Yoga Postures in Practice – A series on Āsana by Paul Part 3 Uttānāsana

Part Three – Moving from our Spine with Uttānāsana

This is the third in a series of articles presenting the core principles for Āsana practice as taught to me through many years of personal lessons in India with my teacher TKV Desikachar.

The emphasis in the previous article was on “Growing from our Roots” and looked at Tāḍāsana, the second Āsana in the series within a general practice.

The first article “Moving into our Bodies” looked at the starting Āsana in the series, Samasthiti, as a pose that offered a means to bring our mind and through it, our deeper awareness to a focussed attention.

With this heartfelt awareness we can harness, as Tenzin Palmo calls it, the mind‘s ‘subtle laziness‘. She is quoted on this subject by Vicki Mackenzie in her elegant biography of Tenzin:

‘One knows how to practice, and that one is perfectly capable.
But one settles for second or third best.
It is like getting the progress prize at school – and one is not really doing one‘s best.
It’s a very low grade of effort and it is much more serious than having a bad temper.
The times when I have genuinely put my whole self into something,
the results have surprised even me.’
‘Cave in The Snow p121.

Making the journey onto the practice mat is beset with a lifetime of learnt patterns of Tamas or inner resistance to the source of real power within us.

Having made the effort we actually practice with a focus that is swayed too easily by the repetitious or rehearsing meanderings of the mind.

The Yoga Sūtra, the gem of a text on Yoga psychology, advises us that our beginnings in establishing a meditative union in practice will naturally include a mixture of words, memory and fantasies around our desired focus.

“In that unity, word, purpose, knowledge and imagination completely mixed,
is unrefined profound reasoning.”
Yoga Sūtra Chapter I verse 42

The skill here is to include all the ancillary threads of the mind without losing the core focus. The reality is that we can track off tangentially along any of these mental threads and find ourselves completely disassociated with the primary focus.

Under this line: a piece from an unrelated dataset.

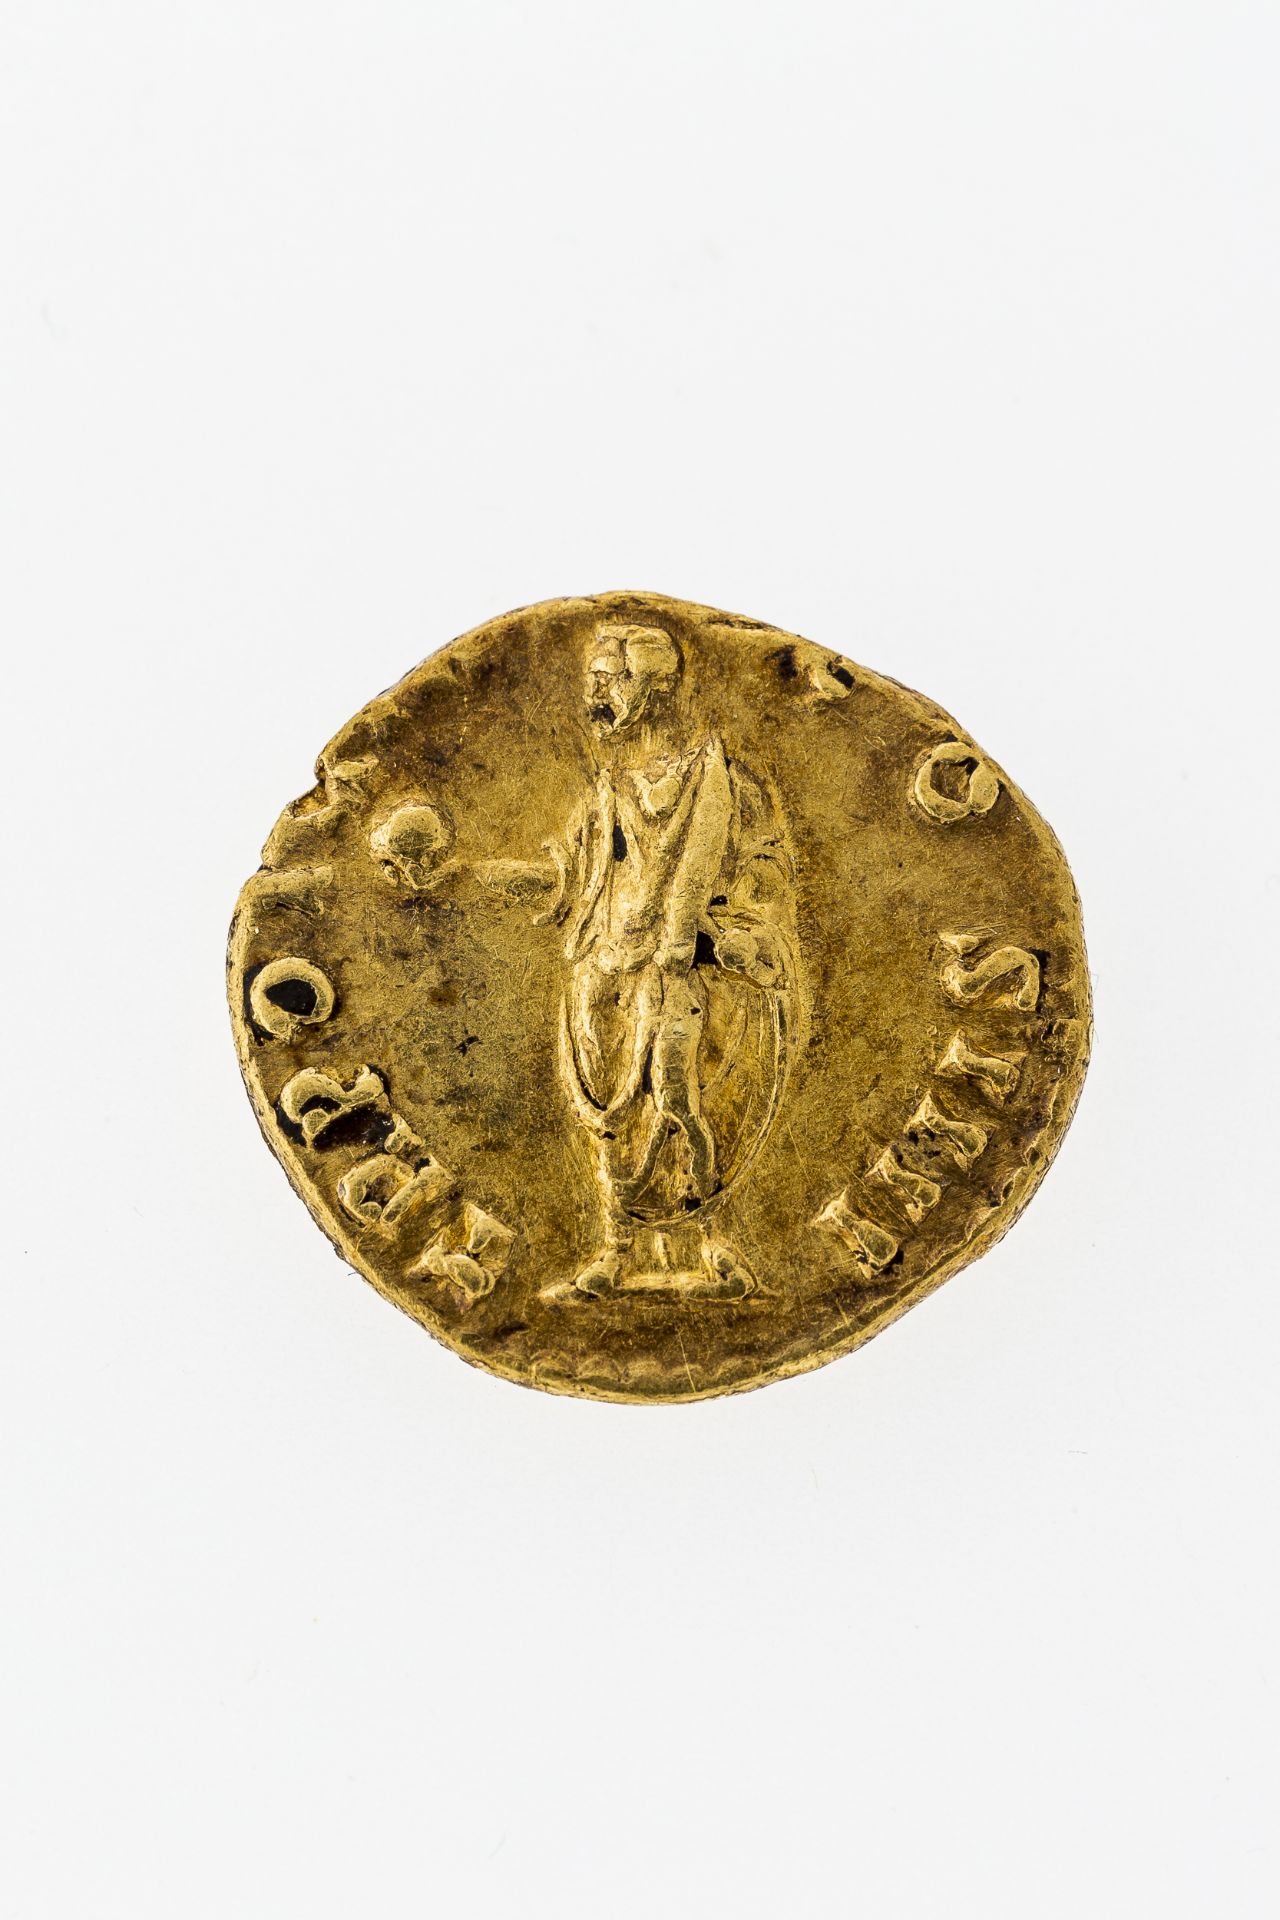 Antoninus Pius - Image 2 of 2

This is where the quality of steady awareness aroused in Samasthiti pervades all the following postures. This quality of awareness is nurtured and sustained, as in many meditative traditions, by maintaining a link with the rise and fall of the breath.

In āsana the primary focus for this aspect of breath awareness is the throat centre and the use of a technique called Ujjāyī.

This technique of giving a slight sound to the breath is actualised by first making a light haa sound with the mouth open and then continuing the sound after closing the mouth.

It is maintained, like a cat purring, on both the exhale and the inhale and offers a platform or support for the wandering mind to be delicately yet firmly brought back time and time again.

Some days our practice seems little more than a succession of wanderings and returnings. Yet this process of bringing the mind back to the breath time and time again is ample demonstration of our progress in that we are seeing the mind‘s relentless wanderings.

To be able to do this also implies that we are more established in awareness than the mind. After all ‘who’ is it that notices that the mind has wandered and ‘who’ is it that brings the mind back to the point of practice?

As Tenzin Palmo discusses a half-hearted approach to and within practice will yield half-hearted fruits and here all we can do is succeed in trying rather than trying to succeed.

This quality of focus, an integral aspect of Samasthiti, is carried forward as the still breath of awareness within the movements of the mind and the body into standing Tāḍāsana and the raising and lowering of the arms.

Tāḍāsana, as well as being a posture in its own right, links us as preparation and anticipation into what can follow next, a full forward bend such as Uttānāsana.

This is the third Āsana in this series and the focus for this article.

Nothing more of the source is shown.